Lorsque deux ondes se rencontrent, leurs amplitudes s'additionnent point par point — c'est le principe de superposition. Pour une différence de marche Δr = mλ, les crêtes s'alignent et l'intensité quadruple : I = 4I₀. Pour Δr = (m+½)λ, une crête rencontre un creux et l'intensité tombe à zéro. Le résultat général est Aₛᵤₘ = 2A₀ cos(δ/2), d'où une intensité I ∝ cos²(δ/2). Ce principe est exploité dans les casques à réduction de bruit (qui injectent δ = π), les revêtements antireflets optiques (épaisseur de couche mince λ/4) et les antennes radio à réseau phasé.

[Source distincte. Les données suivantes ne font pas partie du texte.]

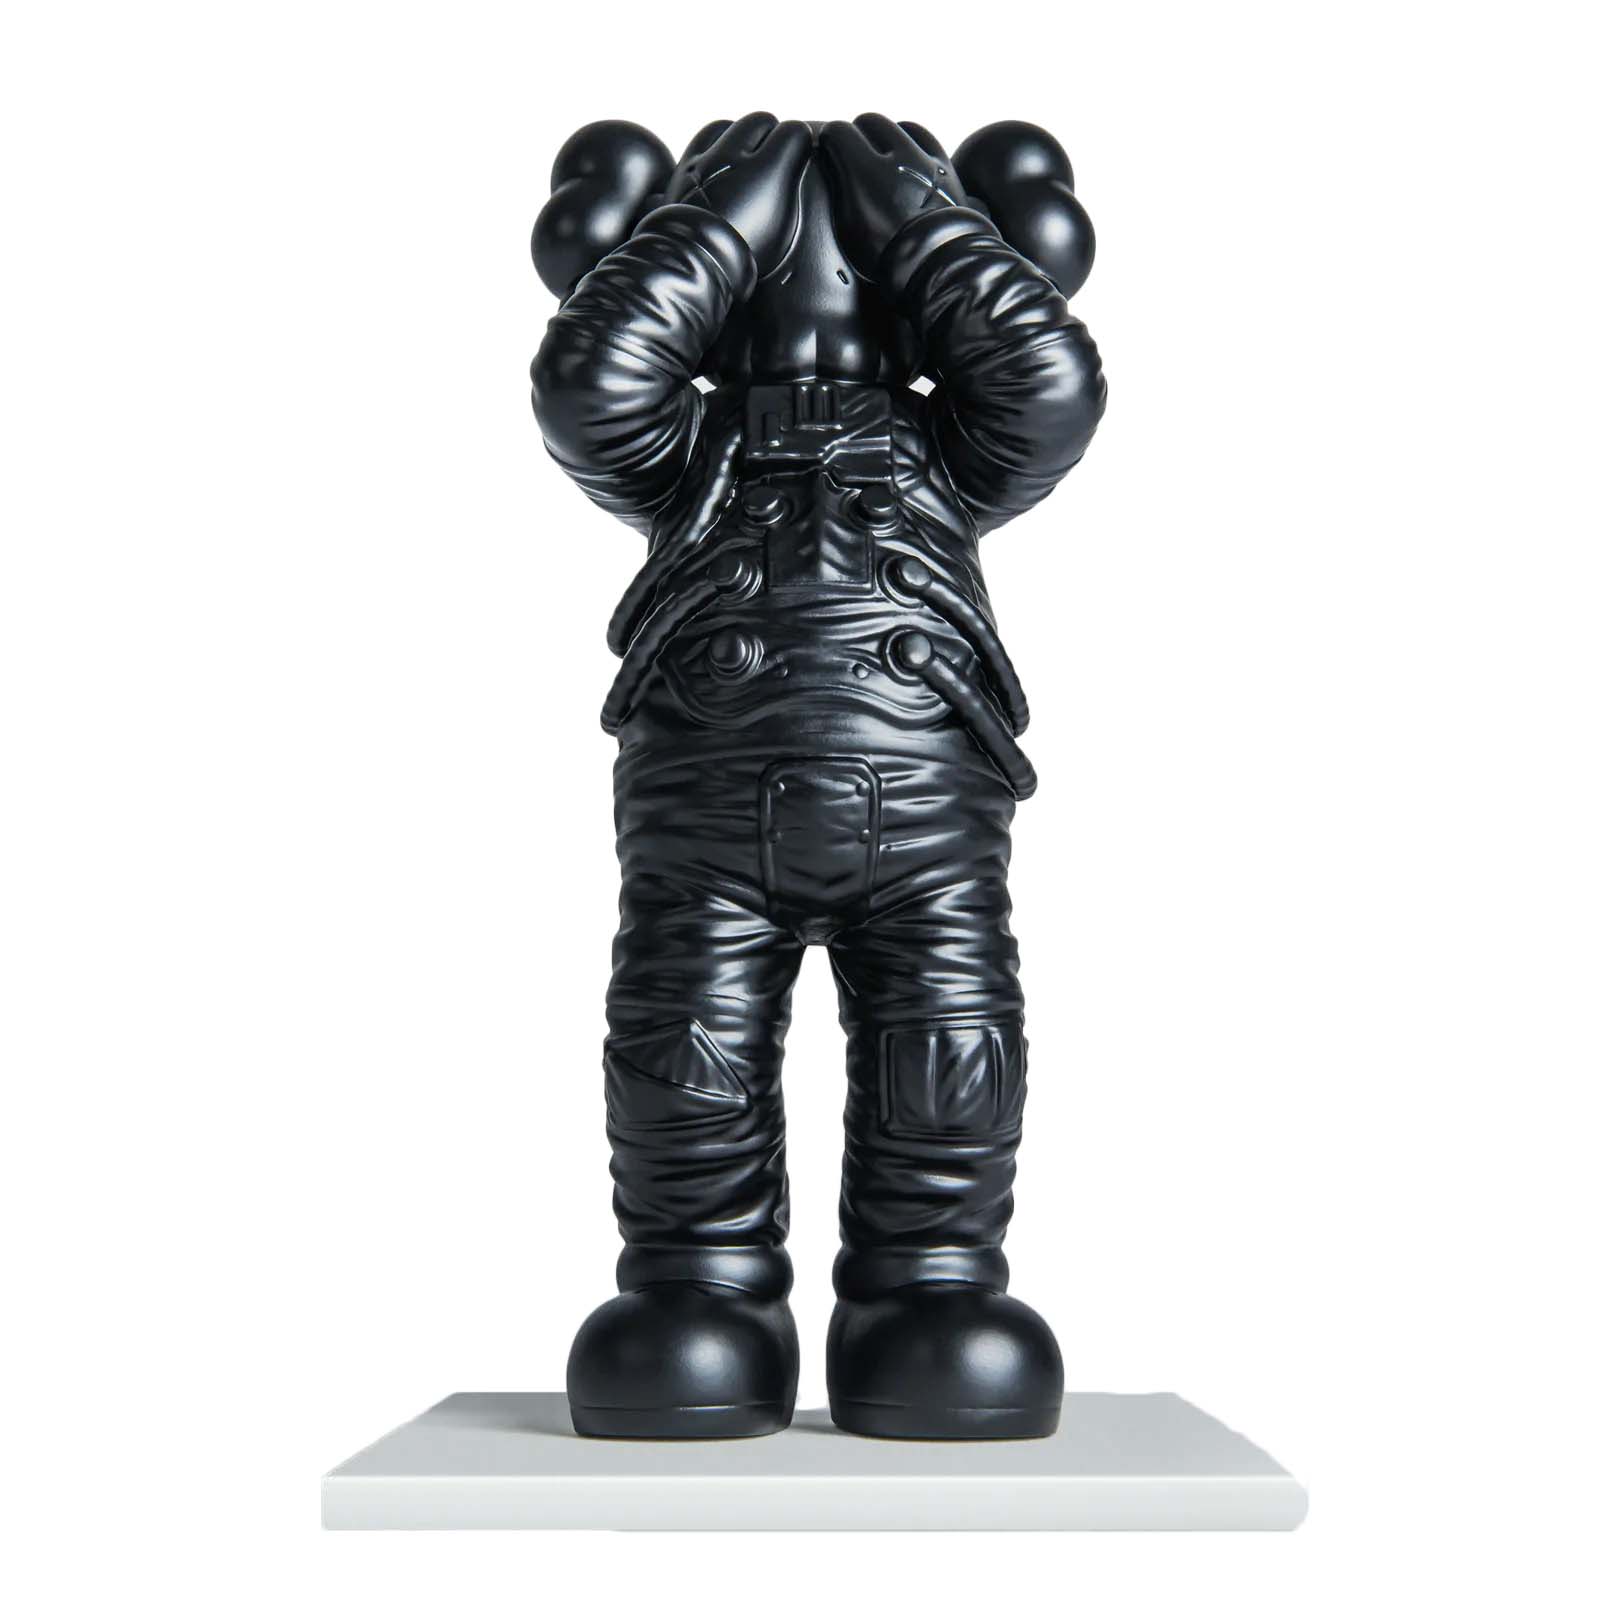 Space Invader 3D Little Big Space Figure (Edition of 5000) - US

Ce que signifient les bandes claires et sombres 🖖

Deux sources émettent des ondes qui se superposent. Choisissez un point quelconque : en général une onde a parcouru un peu plus de chemin que l'autre, et cette différence de marche décide de tout. Quand elle vaut un nombre entier de longueurs d'onde, les crêtes coïncident et une frange brillante apparaît ; si elle s'écarte d'une demi-longueur d'onde, une crête rencontre un creux et le point reste sombre. Augmentez l'écart d et l'outil resserre davantage de franges, selon sin θ = nλ/d.

Un seul électron interfère avec lui-même 🖖

On pourrait croire que l'interférence exige une foule d'ondes se croisant en même temps — c'est faux. Envoyez les électrons un par un à travers une double fente, de sorte qu'un seul se trouve à la fois dans l'appareil, et chacun arrive comme un point isolé, en apparence au hasard. Laissez s'en accumuler des milliers et le même motif de franges surgit. Chaque particule explore d'une certaine manière les deux chemins et interfère avec elle-même — une expérience élue « la plus belle de la physique » par les lecteurs.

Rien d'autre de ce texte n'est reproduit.